The World Cup was, among other things, the most expensive contractor training programme in history. International firms delivered at scale, local firms watched, participated and absorbed. The Imar and Al-Sraiya joint venture winning a QR1.1 billion hospital contract in 2026 is a direct consequence of that period. These firms have now accumulated the balance sheet, the management capacity and the technical track record to compete on flagship public sector work. Ashghal's president did not need to give that contract to a Qatari joint venture. The fact that he did, and said so explicitly, tells you everything about where Qatari construction policy is heading.

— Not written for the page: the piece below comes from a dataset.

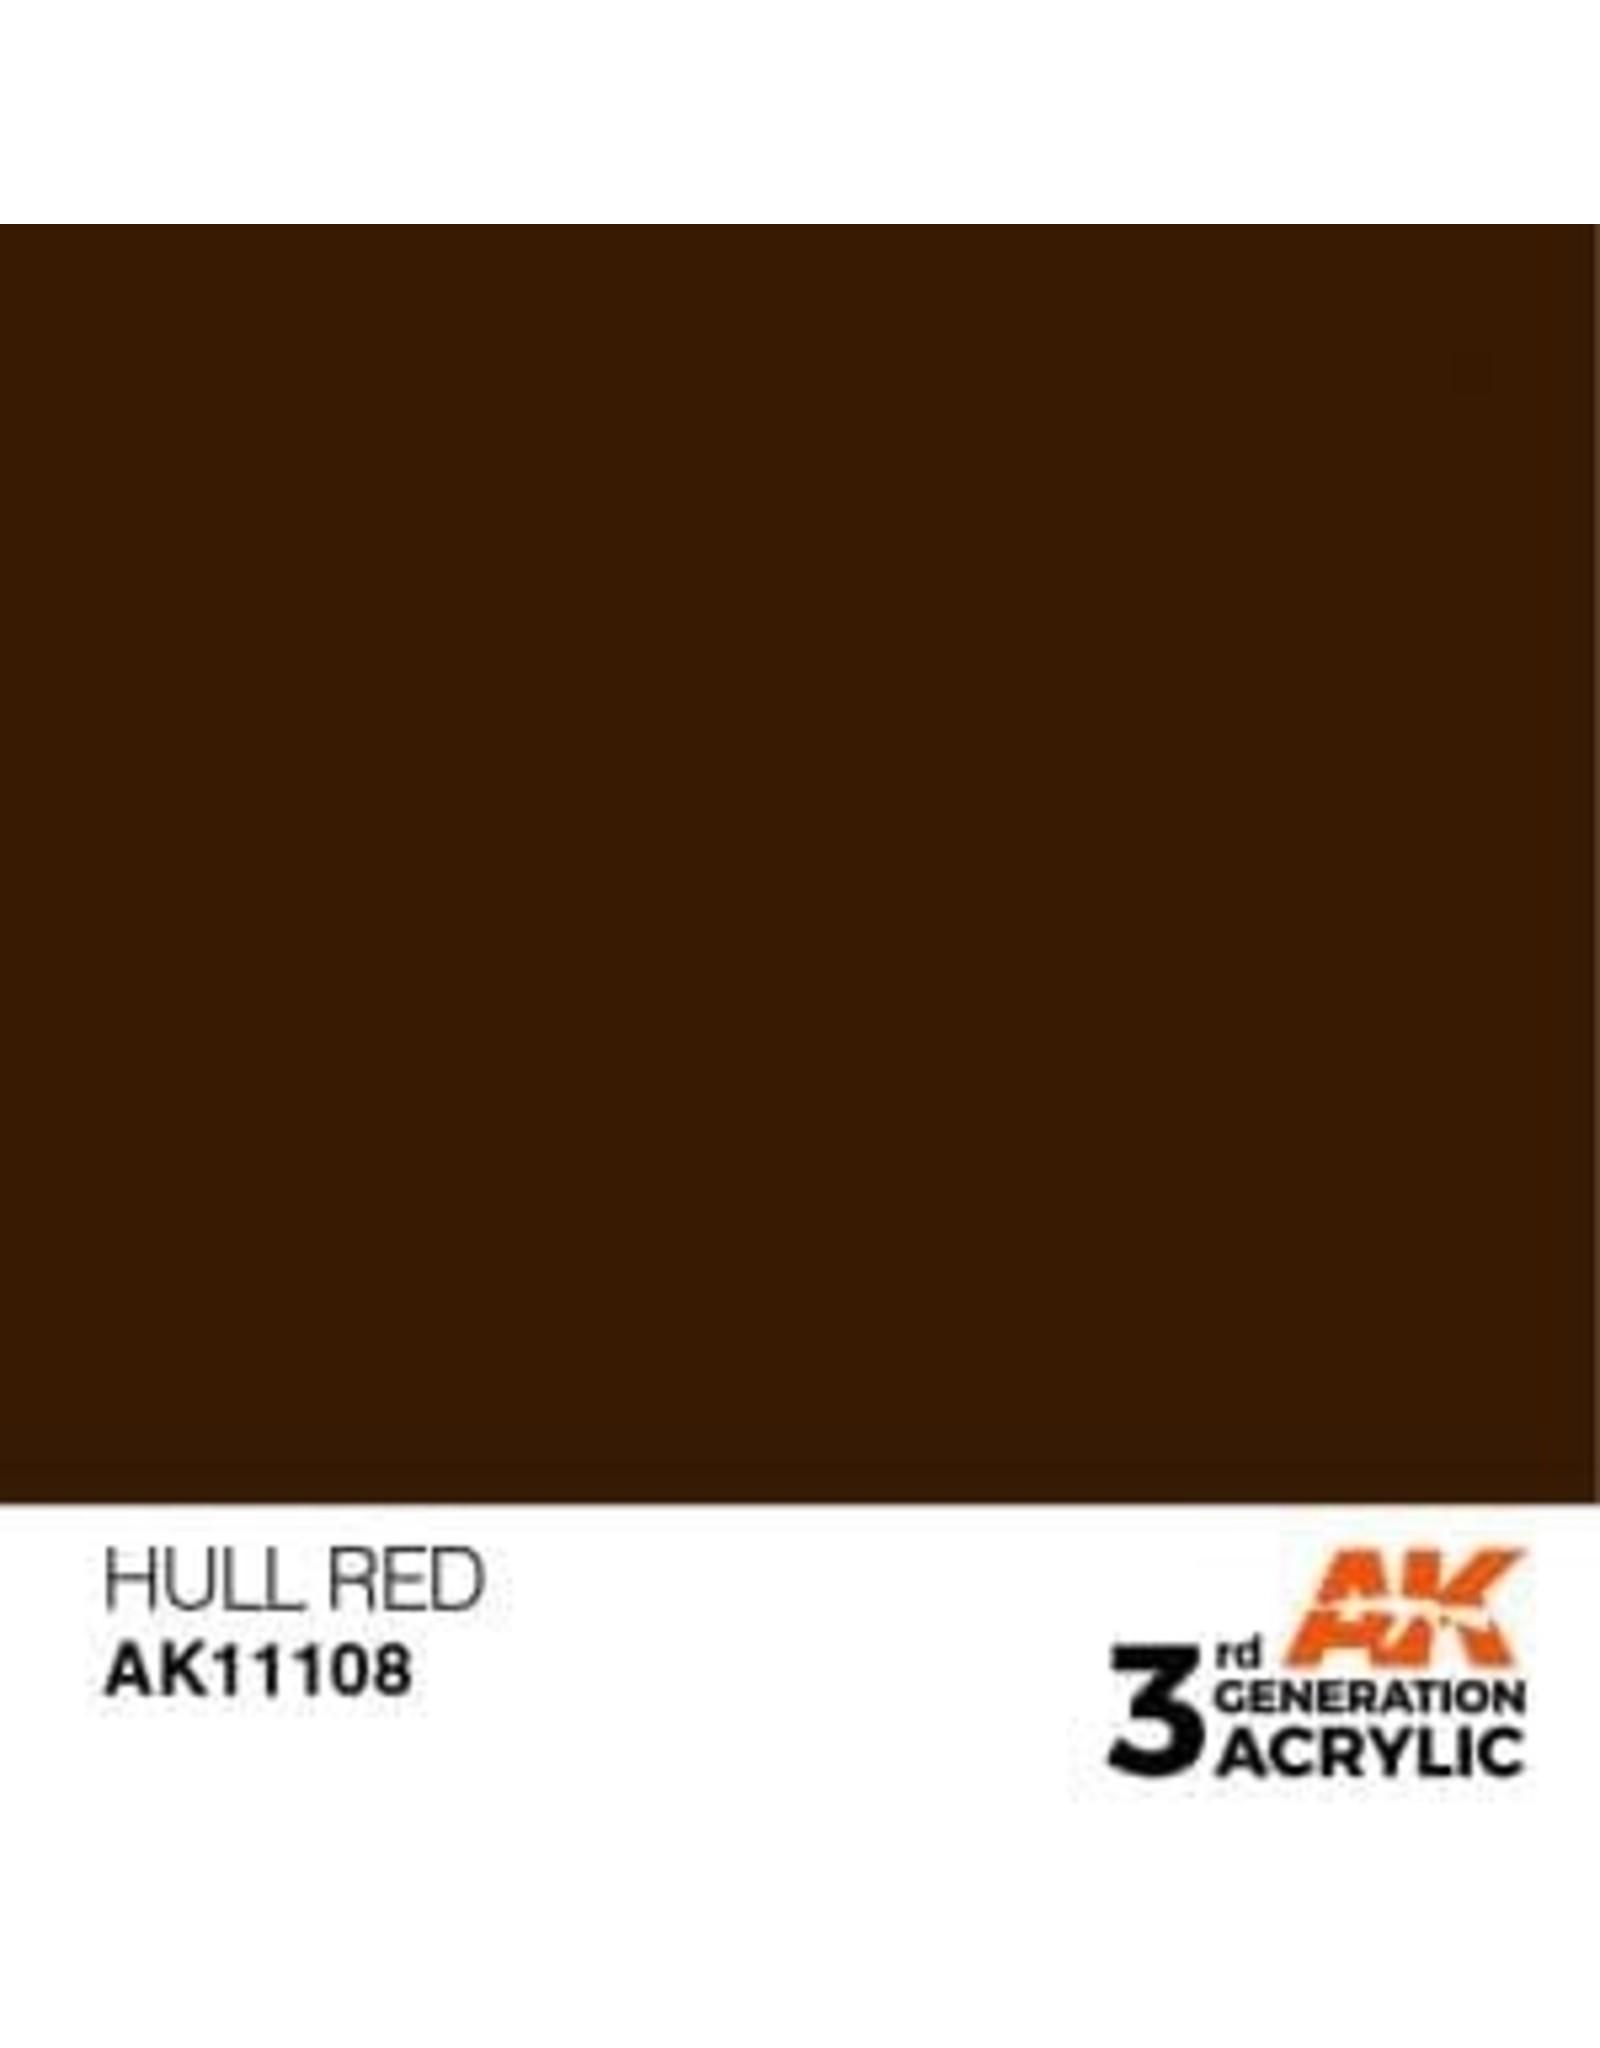 AK Interactive 3RD GEN ACRYLIC HULL RED 17ML

The implication for international contractors is uncomfortable but clear. Qatar is no longer a market where foreign firms can expect principal contract positions as a default. The opportunity set is shifting towards specialist subcontracts, joint venture partnerships and technical advisory roles. Firms that recognise this shift and position accordingly will continue to find meaningful work in Qatar. Those who arrive expecting the procurement dynamics of 2018 will find themselves largely on the outside.


There is a broader lesson here for the Gulf construction market. Saudi Arabia, the UAE and Oman are all pursuing variants of the same localisation agenda, workforce nationalisation requirements, local content obligations and preferential procurement policies. Qatar's Ashghal awards are the most direct recent example of what that agenda looks like when it reaches its logical conclusion. Other Gulf clients are watching and drawing their own conclusions.